Oh it's the spawn rates that have been nerfed, the catch rates are actually increased, probably to encourage people to share bugs most likely.

Ehh I find the items average but I'm interested in getting Leaf Tickets.


----------



## Luna Moonbug (Aug 31, 2018)

ThatOneMarshalFangirl said:


> Don’t mind what I said about it before, the items are cute and I intend to get every single one.  Although it’s not very comforting that the catch rates have been lowered...better keep sharing those bugs, guys!

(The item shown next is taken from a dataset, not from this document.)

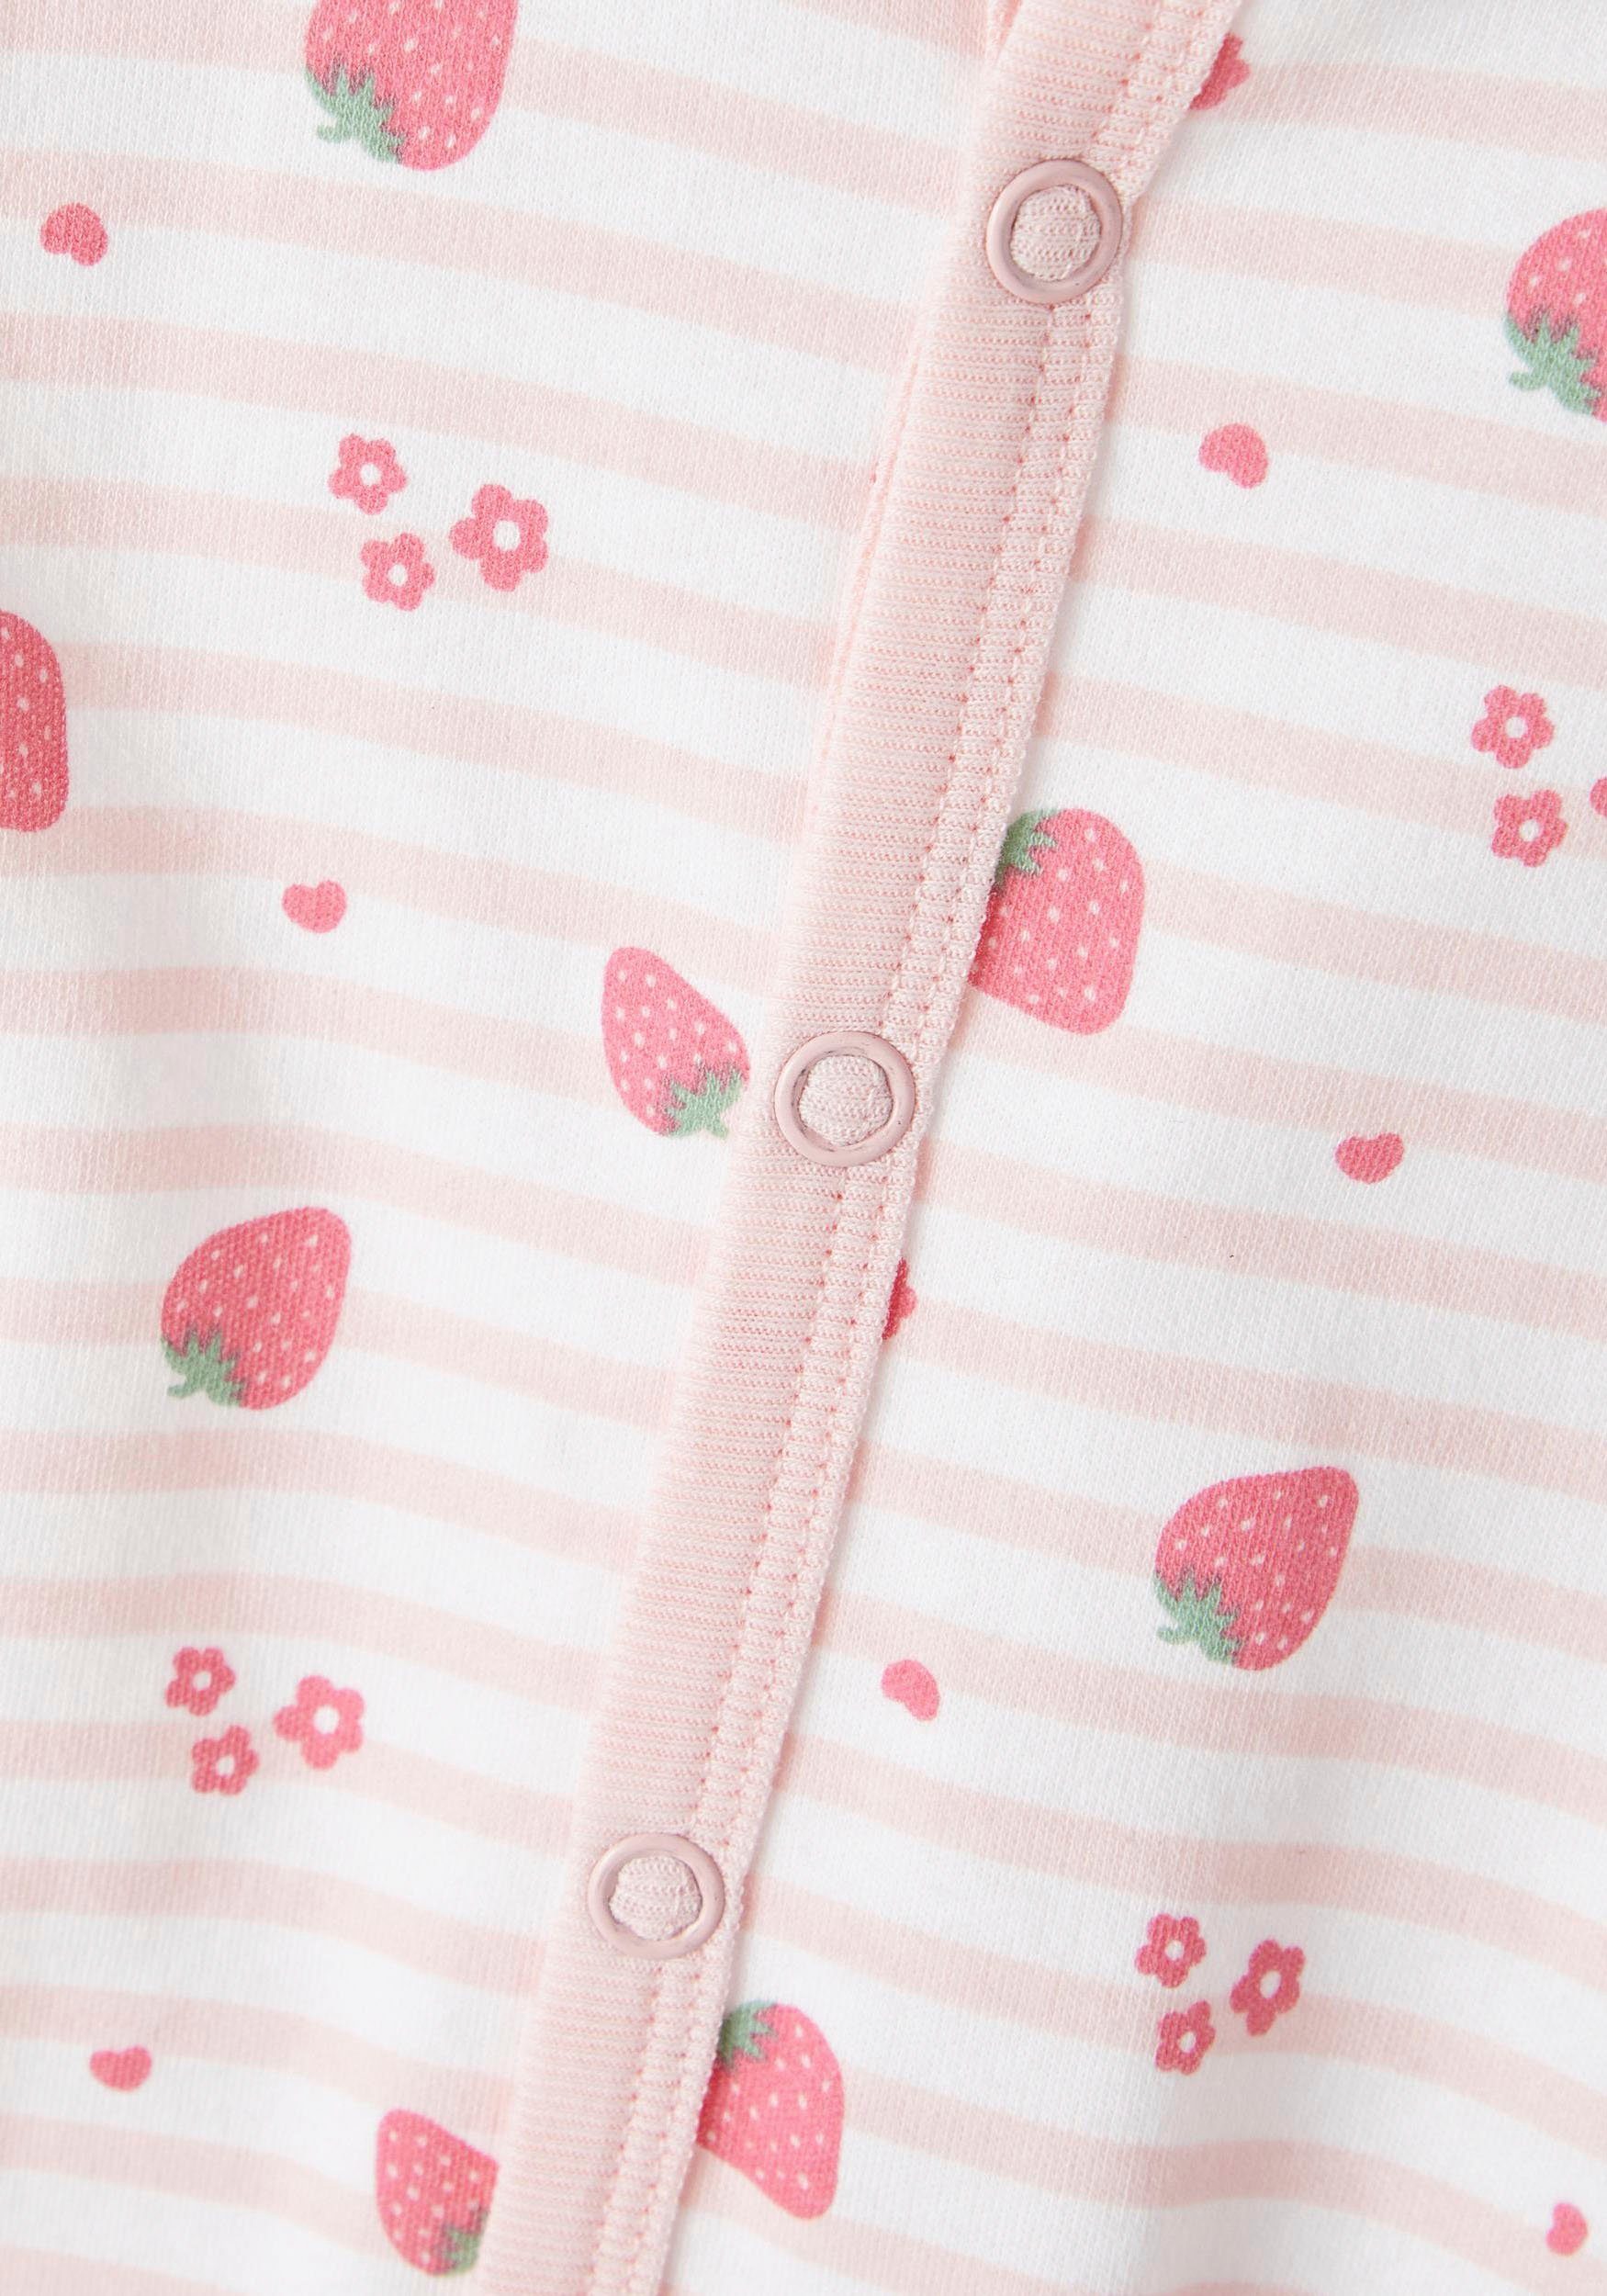 (Packung, Name STRAWBERRY W/F NOOS It 2P 2-tlg) Schlafoverall NBFNIGHTSUIT
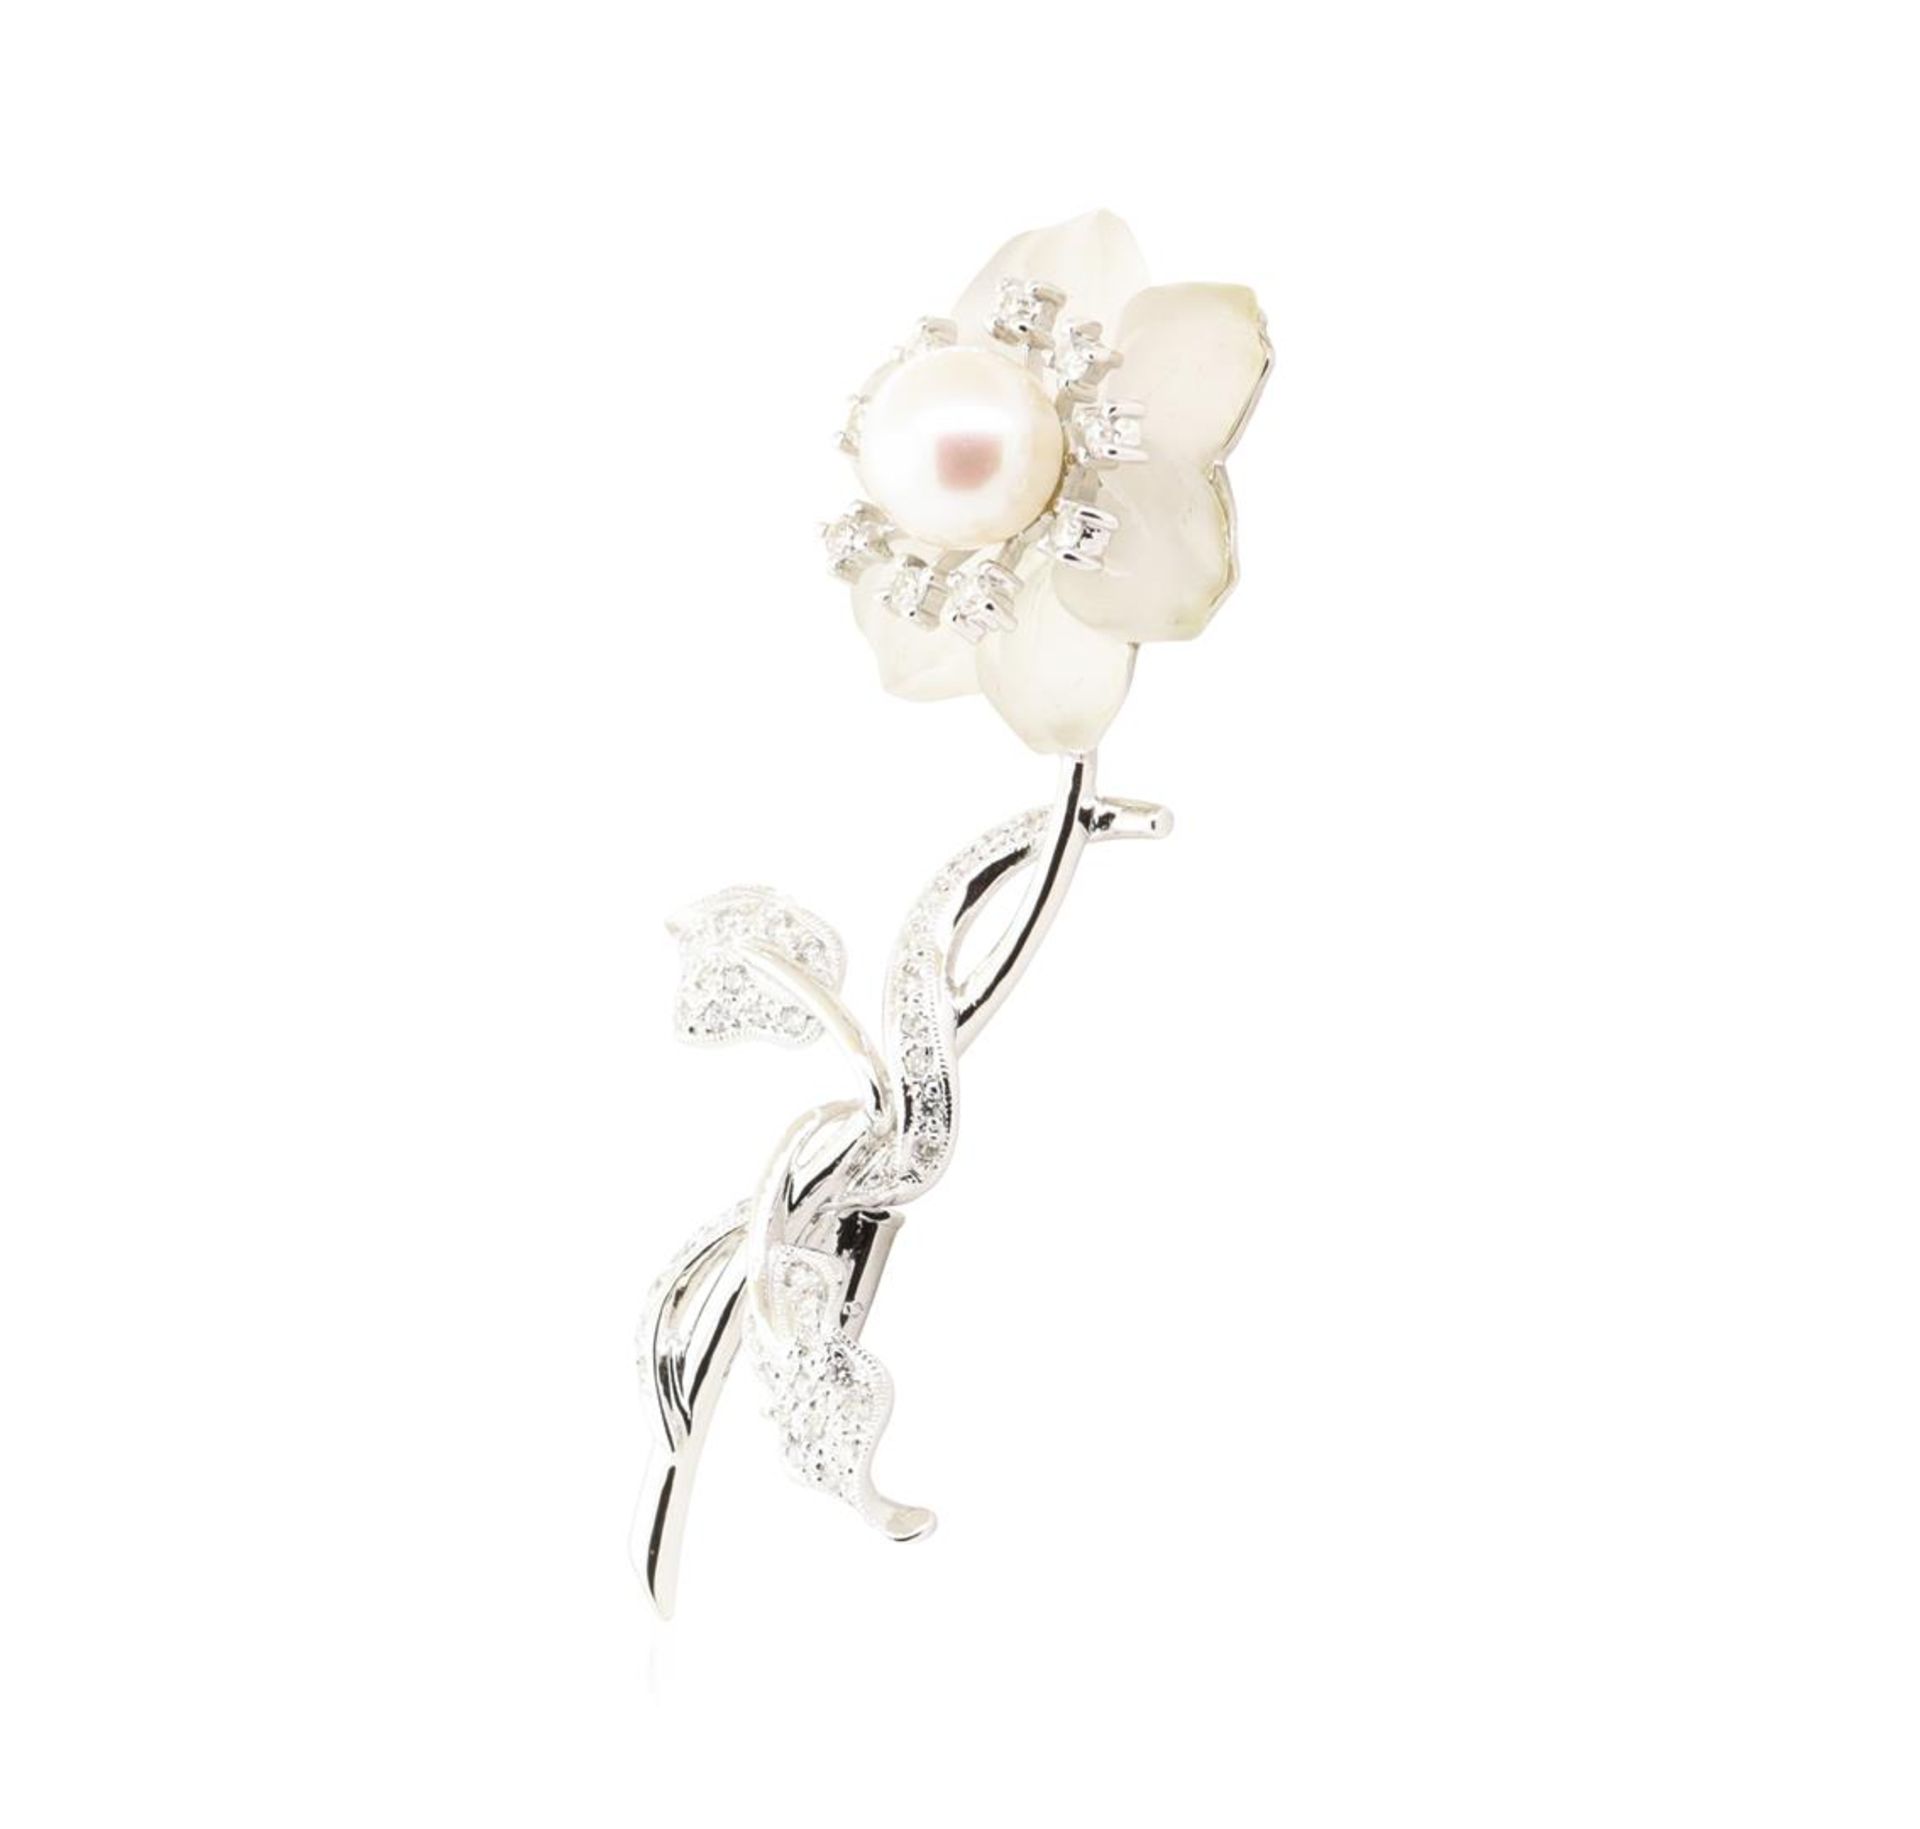 0.53 ctw Diamond and Pearl Flower Pin - 18KT White Gold - Image 2 of 3

me too....i love the hat that i just received from Brewster...i matched it with the fruit gyrodite dress we got a few weeks ago...


----------



## That Marshal Fangirl (Aug 31, 2018)

Flare said:


> Oh it's the spawn rates that have been nerfed, the catch rates are actually increased, probably to encourage people to share bugs most likely.
> 
> Ehh I find the items average but I'm interested in getting Leaf Tickets.



Oof, really?  I mean that seems kinda weird to me because people were sharing quite a bit before but I fixed it lol.


----------



## Bcat (Aug 31, 2018)

Honestly I’m having a really hard time getting motivated to play this. I have a new game now and I’d rather play that. But I know if I completely ignore this event I’ll regret it later...


----------



## sigh (Sep 2, 2018)

I adore the items! i'm aiming to get them all before the event ends, as well as get multiple of the event flower pots. I missed out on the second half of the festival event items as well as the majority of the sparkle jelly items, so i'm hoping I don't do the same with this one


----------



## Sheando (Sep 2, 2018)

I prefer these rates to the ones that came before! I’m nearly done with the event already. I’m actually catching bugs instead of getting 1-2 from a full field of flowers.


----------



## That Marshal Fangirl (Sep 2, 2018)

Wow nevermind, the catch rates really make up for the spawn rates.  I’m already done with the first half.


----------



## Greninja (Sep 4, 2018)

I actually completed the first half early so now im sharing all my bugs! I hope the second half goes just as smoothly!


----------



## Dracule (Sep 4, 2018)

Just recently got into Pocket Camp last week and really love it! I’m glad I made it in time for Brewster’s Event because all the items are completely my aesthetic :>.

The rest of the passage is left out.